Institutionalizing a theater so that it becomes an established entity on which several people depend for jobs and income and the continuation of which has assumed priority over every other consideration has been known to be the downfall of a few theaters. The famed Provincetown Players and the Washington Square Players both ultimately disappeared from the scene because of their own success. Having attracted critical attention, they were forced to match or surpass each successful production in the next season or close down. “Art for art’s sake,” which had been the unofficial motto of the Washington Square Players, was overshadowed by the need to meet the expectations of audiences and critics. They’d become “established” and could no longer be solely true to their original ideals and survive. In the case of the Washington Square Players, the advent of World War I disbursed most of its creative personnel, and it was reborn after the war as the Theatre Guild, essentially a commercial Broadway production company.

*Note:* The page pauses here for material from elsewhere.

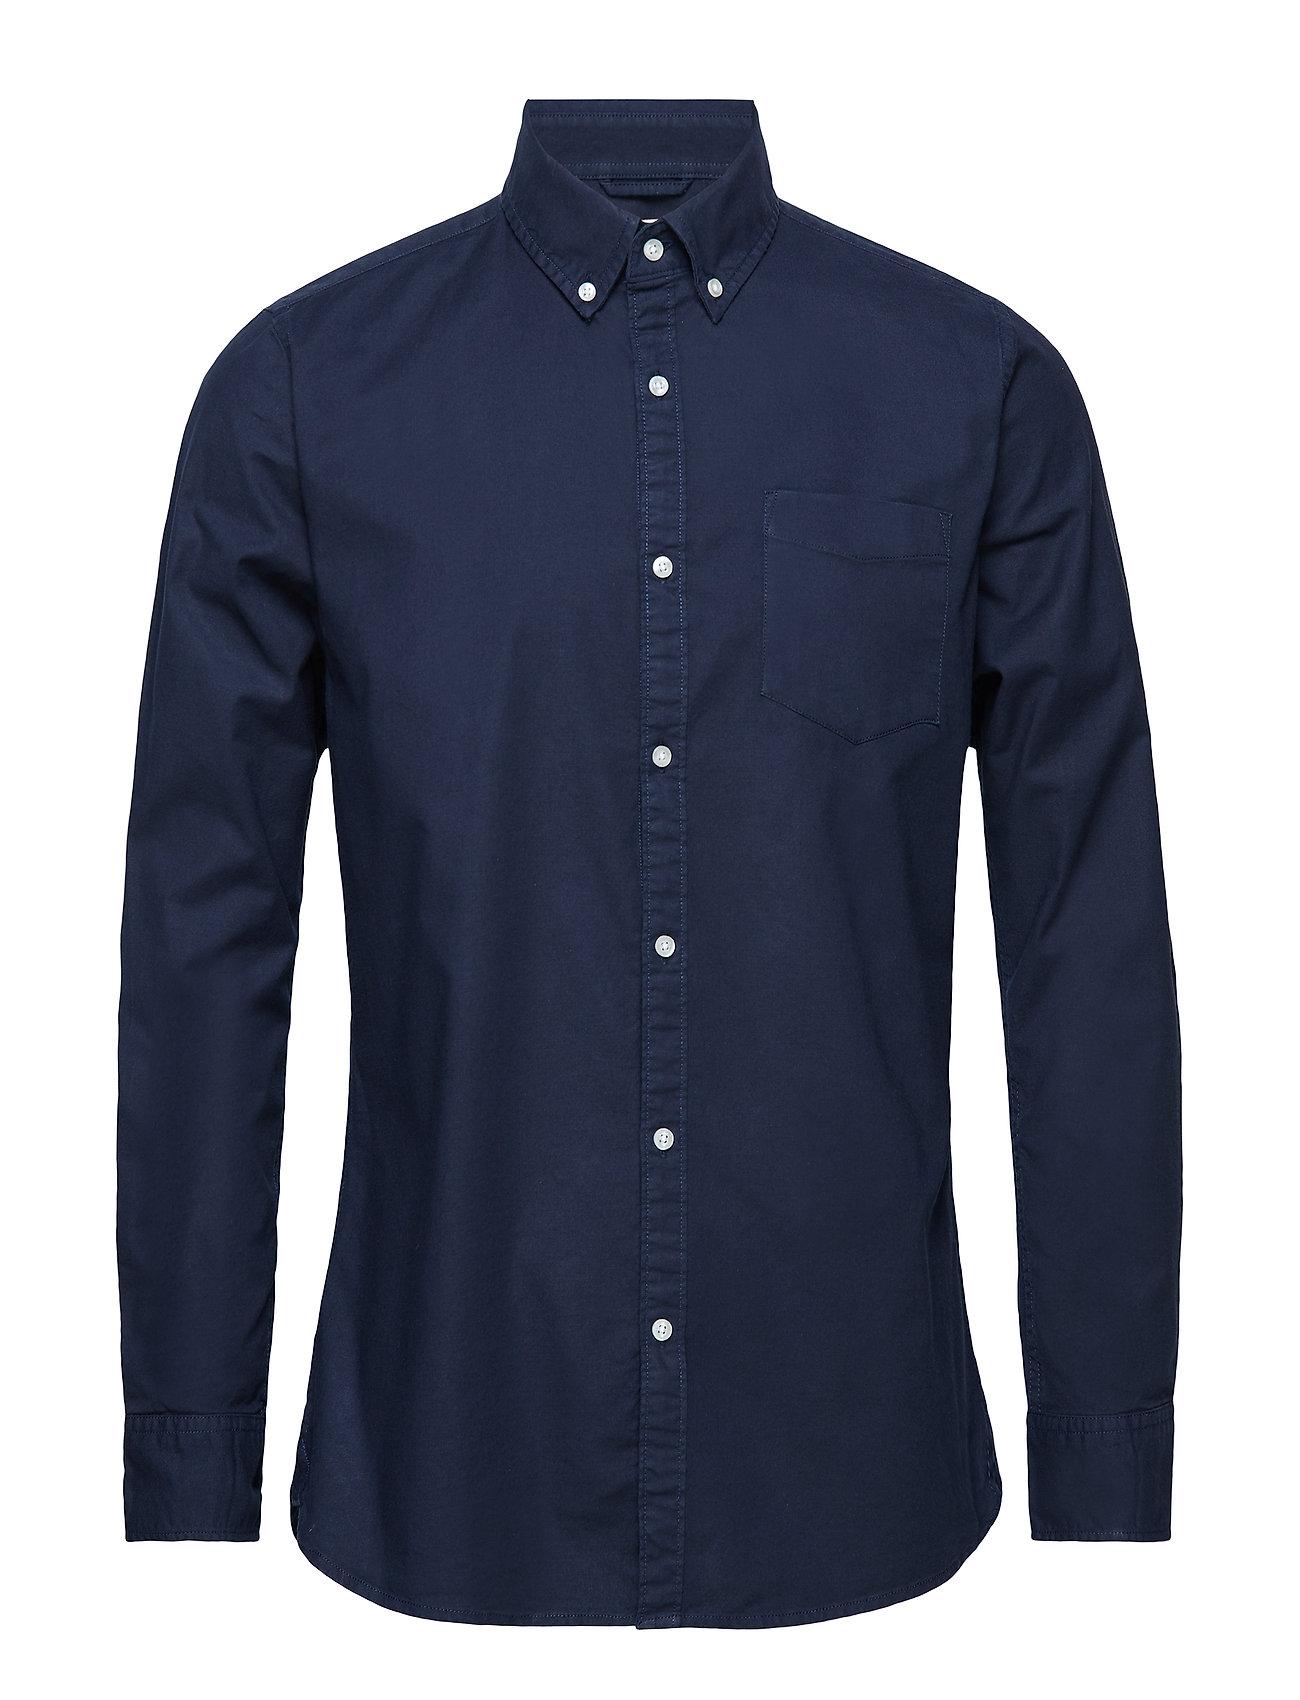 Knowledge Cotton Apparel ELDER LS oxford shirt - GOTS/Vegan - TOTAL ECLIPSE

Even had it not been for the war, however, it’s unlikely the Players could have continued as an art theater once it had become an institution. (Another repercussion of the success of the WSP was that its members, having become well-known, moved on to the commercial stage and, a few years later, the movies.)

This isn’t to argue that success is a poison pill for theaters. Allowing that success to be translated into institutionalization, however, may be the road to disaster. When the theater’s inner vision is clouded by the need to succeed in critical and financial terms, just in order to maintain a coveted position in the community, perhaps a reevaluation of the theater’s priorities is in order. As the new NEA chairman, Rocco Landesman, put it in the New York Times recently, “There are some institutions on the precipice that should go over it.” (Landesman was speaking of a financial precipice, but an artistic one fits just as accurately.) It might also behoove the critics and community leaders to reexamine why they want a theater at all and what they expect of it. Fighting to keep a theater alive just so it can occupy an otherwise useless building may, in the end, not be worth the effort. A man on total life support in the most technologically advanced hospital is surely not really alive. Perhaps it’s just his time to go.

At bottom, we must remember that theater’s an art form. Despite its commercial and institutional aspects and possibilities, it’s the art that’s its essence. When it comes time to replace a theater’s directorship, administrators and trustees need to remember why their particular theater was founded in the first place. Just finding someone who can successfully put asses in seats may be an answer, but it may not be the right answer. If a company cannot continue the artistic vision that was its raison d’être, either because a new leadership can’t follow through on the founders’ concepts or can’t find its own, equally valid ones, perhaps there’s no rationale for continuing the institution that is the shell of that vision. Preserving form with no content is the province of museums, not theaters.

[An earlier version of this essay was published as "Art and the Institution" in Directions (Theater Trustees of America, No. 13 [Winter 1989]: 9-10). It was a response to Zeigler’s column. (I also published an essay on the WSP, mentioned as an example above: "The Washington Square Players: Art for Art's Sake," Theatre History Studies no. 25 (2005): 149-72.]